Эх, Одесса, ты знала много горя!
Если бы Сапожников зашел сегодня в ресторан, даже если бы он вгляделся попристальнее в полупрозрачные окна, он увидел бы за столиком Марину и Евстафенко. Они сидели опьяневшие, нежно взявшись за руки, и он говорил ей о трепетной и горькой судьбе поэта, о своих скитаниях по материкам и странам, о тяжелой ответственности за судьбу народа и свободу поэтического слова. Однако судьба хранила Марину и Сапожникова от всего горького и безобразного, оставляя ему сладкую истому предвкушения и беспочвенные опасения, ей — запретные радости и чувство исключительности своей судьбы. Храня их обоих, судьба подсунула Сапожникову еще одного полузнакомого — из тех, кто почти никому и не знаком как следует, но кого всегда можно увидеть на вернисажах в Доме художника, на субботах в Доме литераторов или на просмотрах в Доме кино. Вряд ли кто-нибудь толком знал, чем занимается этот человек — то ли он был физик, то ли знаменитый доктор, то ли сын кого-то знаменитого, — но зато очень многим было известно, что зовут его Роберт, что он всегда при деньгах, что в Москве у него холостяцкая квартира, а в Коктебеле дача, свободная от постоя. Ко всем упомянутым выше достоинствам Роберт обладал доброжелательностью, общительностью и тем поверхностным обаянием, которое некрасивым мужчинам с лихвой возмещает сомнительные достоинства мужской красоты. Роберт окликнул Сапожникова, который в этот момент, начиная уже тяготиться одиночеством, стал вдруг мучительно размышлять, отчего так странно посмотрел на него сегодня грязный художник.
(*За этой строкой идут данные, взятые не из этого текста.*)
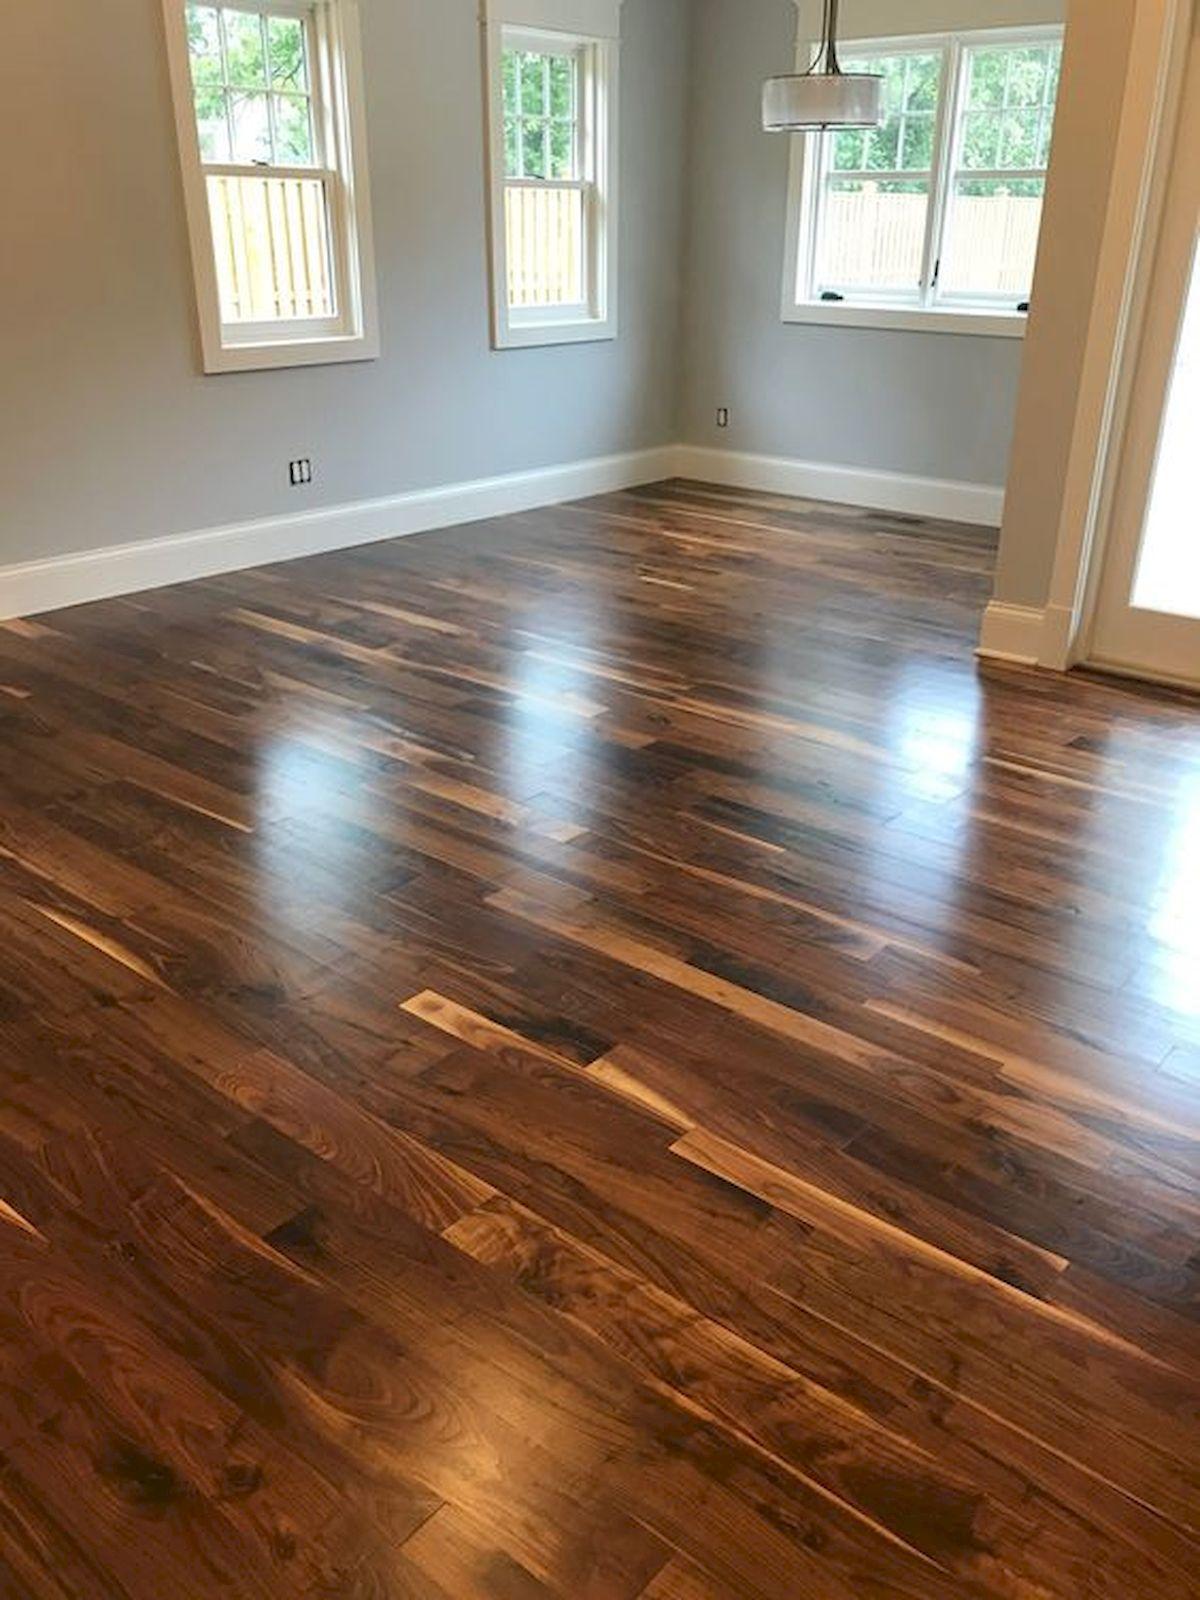 80 Gorgeous Hardwood Floor Ideas for Interior Home (21)

— Привет, старик, — сказал Роберт с несколько большей развязностью, чем позволяла степень их знакомства, однако с теплотой и серьезностью, которые искупали эту развязность. — Давно? Вижу по бледноликости, что недавно. Где бродил? О, Камчатка! Понравилось? Заветная мечта. Беринг-шмеринг, алеуты, вулканы, котики, рукой подать до Америки, впрочем, в ваше время ближе не оттуда, откуда ближе… А приятно, старик, оказаться после дальних странствий в нашем старом добром Коктебеле, где девочки танцуют голые, где дамы в соболях, лакеи носят пиво и так далее… О, привет, Марь Пална!
Разговаривая с Сапожниковым таким образом, задавая ему вопросы и тут же отвечая на них, рассылая попутно приветствия, поздравления и приглашения, Роберт проводил Сапожникова до самой писательской столовки и здесь сердечно с ним простился, настоятельно повторяя приглашение заходить в гости, запросто, когда вздумается, потому что у него бывают поэты, художники, дамы в соболях, лакеи носят вина и так далее, все по-простецки, по-дачному, без церемоний, все свои, Марсель Марсо и Николь Курсель…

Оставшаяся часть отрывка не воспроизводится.